Different from the task of the paragraph selector, the task of the text reader is to accurately predict the range and position of the answers from the selected paragraphs. Similarly, before training and analysing the text reader, set the experimental parameters of the text reader. The setting results are shown in Table 2.

As shown in Table 2, most of the parameter settings of the text reader are the same as those of the paragraph selector, but there is a big difference in the number of hidden units. The number of hidden units of the text reader is set to 150, and the dropout retention rate of the text reader is set to 1. After training the text reader, the results are shown in Figure 8. BLEU-4 and ROUGE-L are used to evaluate the final results.

As shown in Figure 8, the processing performance of text readers varies with different paragraph selectors. However, as mentioned above, the premise of a good multitext reader is that it needs a paragraph selector that can accurately mine information. Therefore, according to the final training results, using the paragraph selector and text reader to form the final machine learning English multitext reading comprehension model has great advantages. Finally, BLEU-4 and ROUGE-L evaluation methods are used to analyse the machine learning performance of text readers in real data ets, and the final results are shown in Figure 9.

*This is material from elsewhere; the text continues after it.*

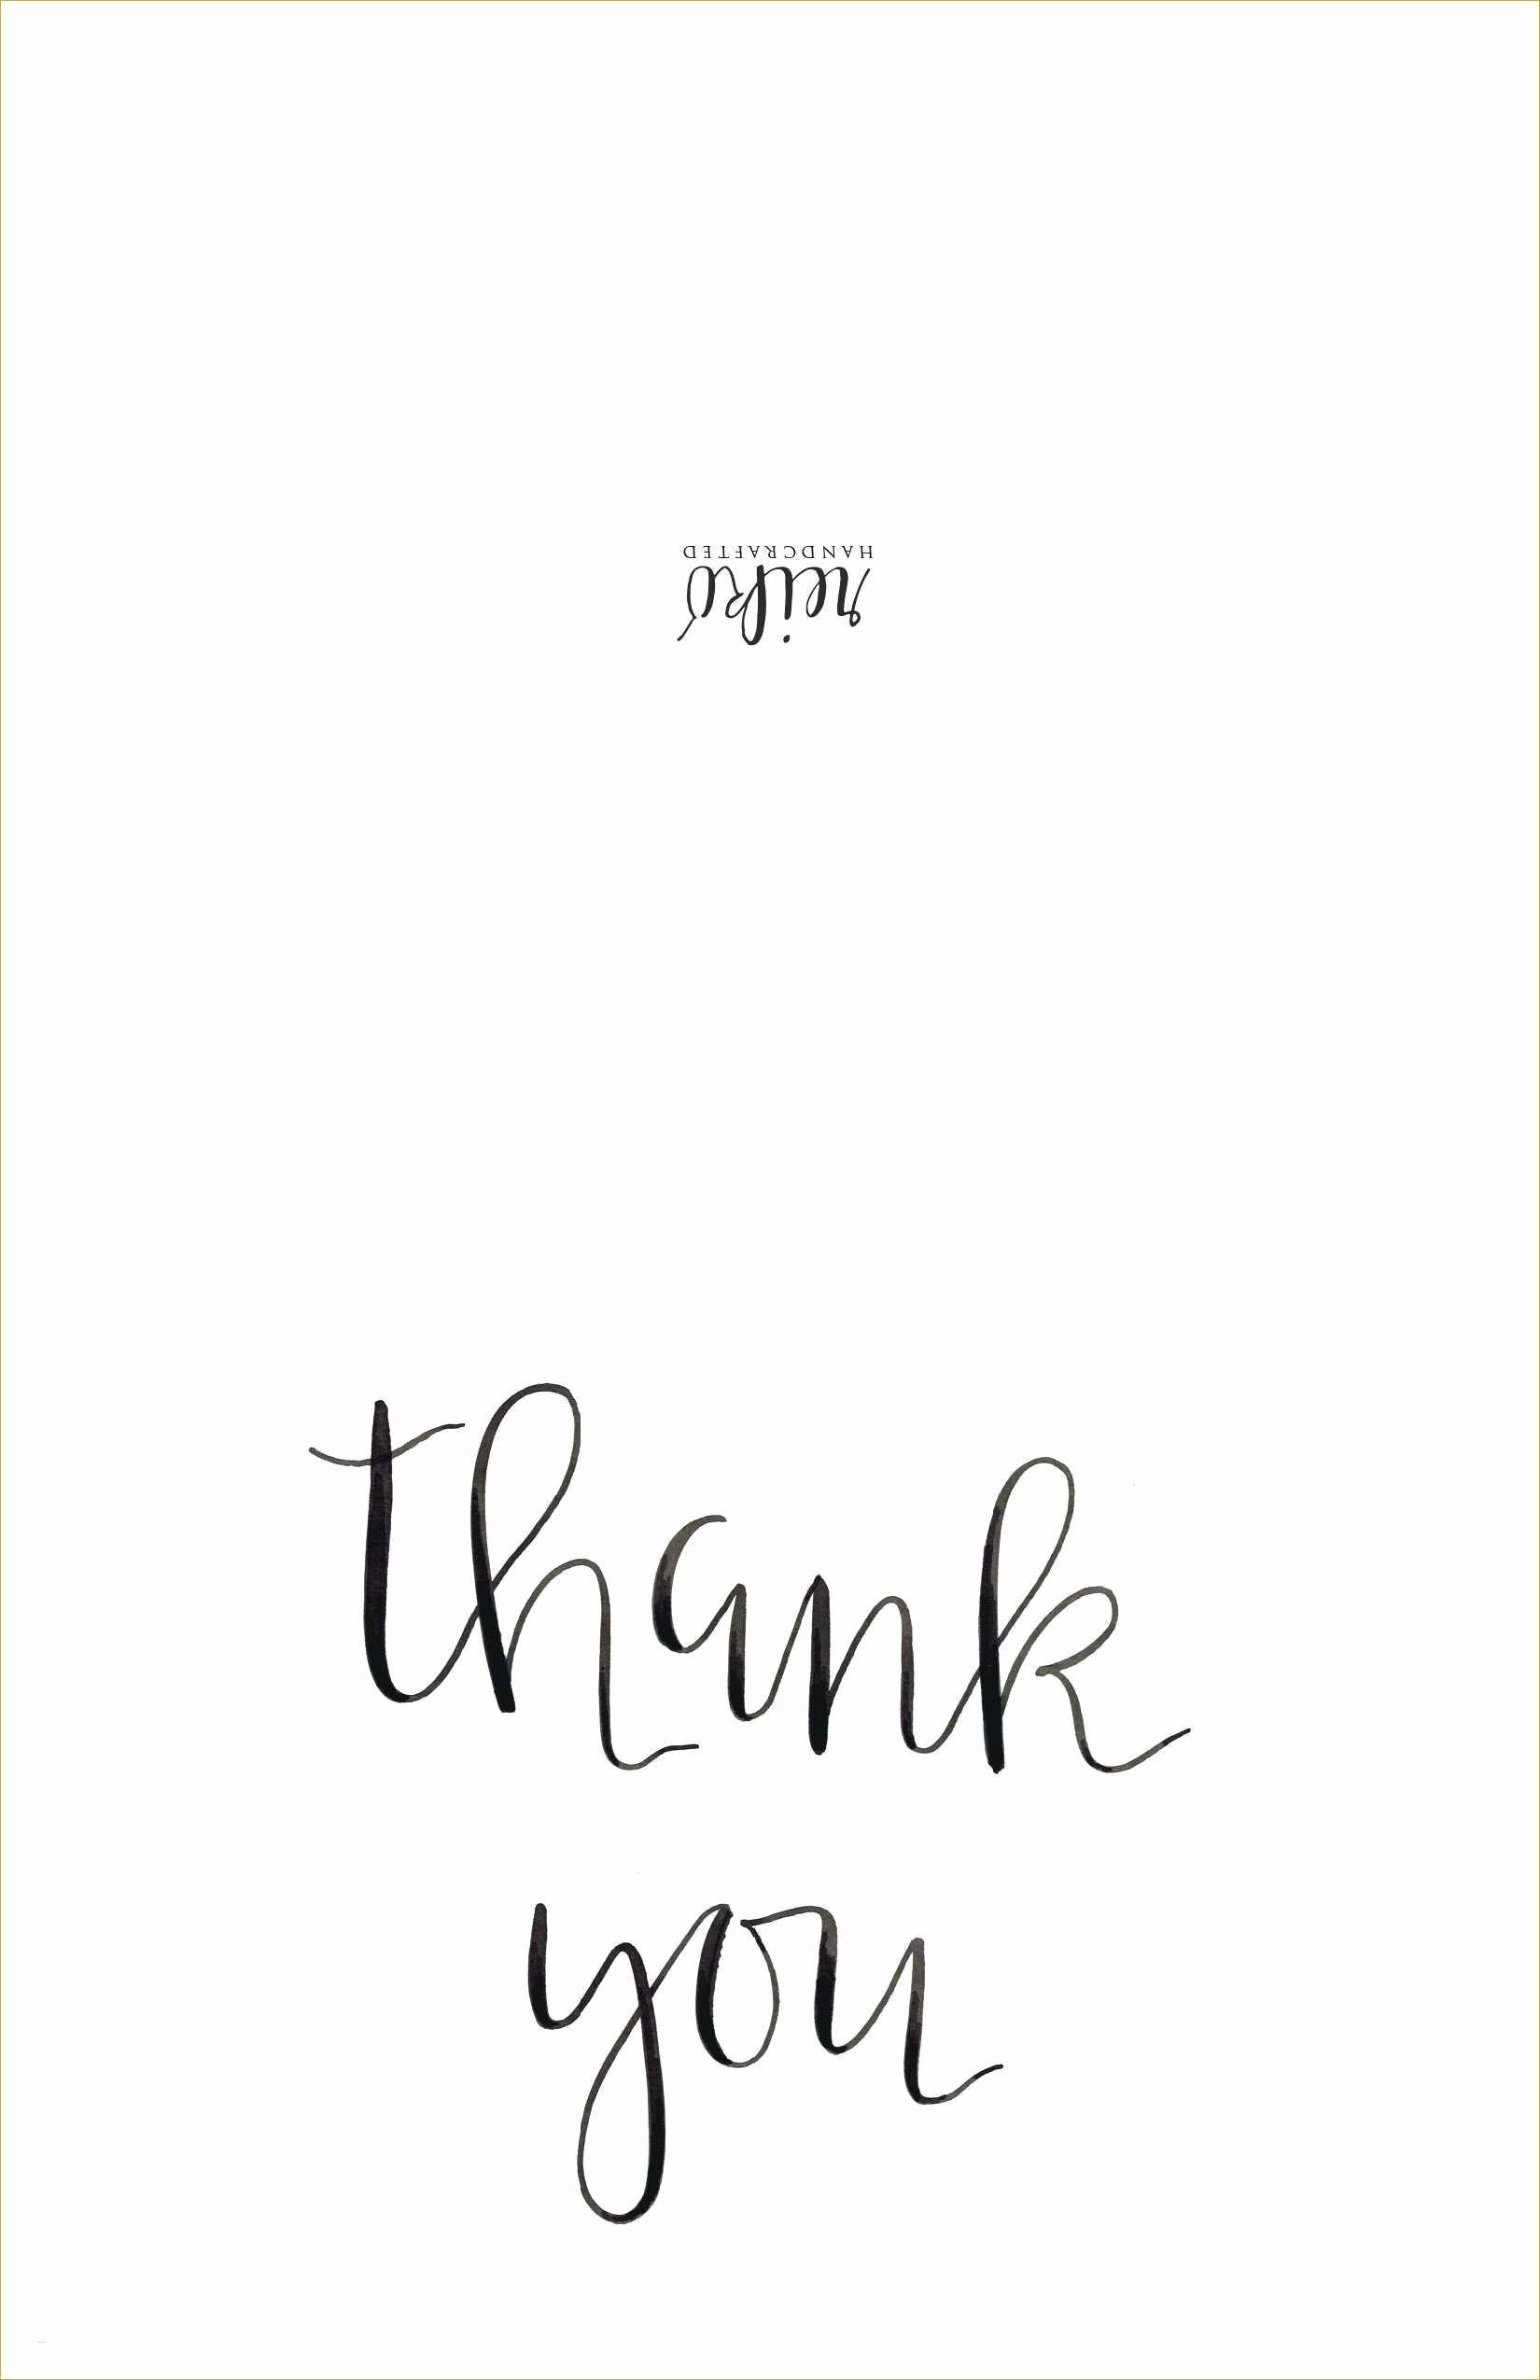 Graduation Thank Yous Inspirational Best Custom Thank You Notes With Graduation Thank Y Printable Thank You Cards Thank You Card Template Thank You Card Design

It can be seen from Figure 9 that the English multitext reading comprehension model based on the deep belief network achieves high scores according to BLEU-4 and ROUGE-L scores when analysing different datasets. And, it is undeniable that, with the increase of the number of text paragraphs in the test set, the analysis performance of the model can still maintain a good score. The above results show that the model based on the deep belief network has a strong ability of question answering, which has a good guiding significance for the development of reading comprehension.

4. Conclusion

With the advent of the intelligent era, machine learning has gradually become a research topic in various fields of the world, and with the development of the Internet, people surfing the Internet has become a common practice, and how to achieve intelligent online English question answering has attracted countless scholars to study. Therefore, this study will be based on the deep belief network to solve the task of English multitext reading comprehension, in order to increase the accuracy and efficiency of online Q and A in the past. Through the performance analysis of the selectors and readers in the English multitext reading comprehension model based on the deep belief network, the results show that the paragraph selectors proposed in this study have good ability to extract the similarity features of the information in documents and questions, and BLEU-4 and ROUGE-L have higher scores on the final classification ability of English multitext reading comprehension model, and with the increase of the number of documents in the dataset, the performance of the model will not decline sharply. To sum up, combining the deep belief network to solve the task of English multitext reading comprehension has a good effect, which is of great significance for the improvement of machine learning technology and the development of computer artificial intelligence.

Data Availability

The data used to support the findings of this study are available from the corresponding author upon request.

Conflicts of Interest

The author declares that there are no conflicts of interest regarding the publication of this paper.

Acknowledgments

The work was performed as part of the authors employment under Hunan Institute of Technology.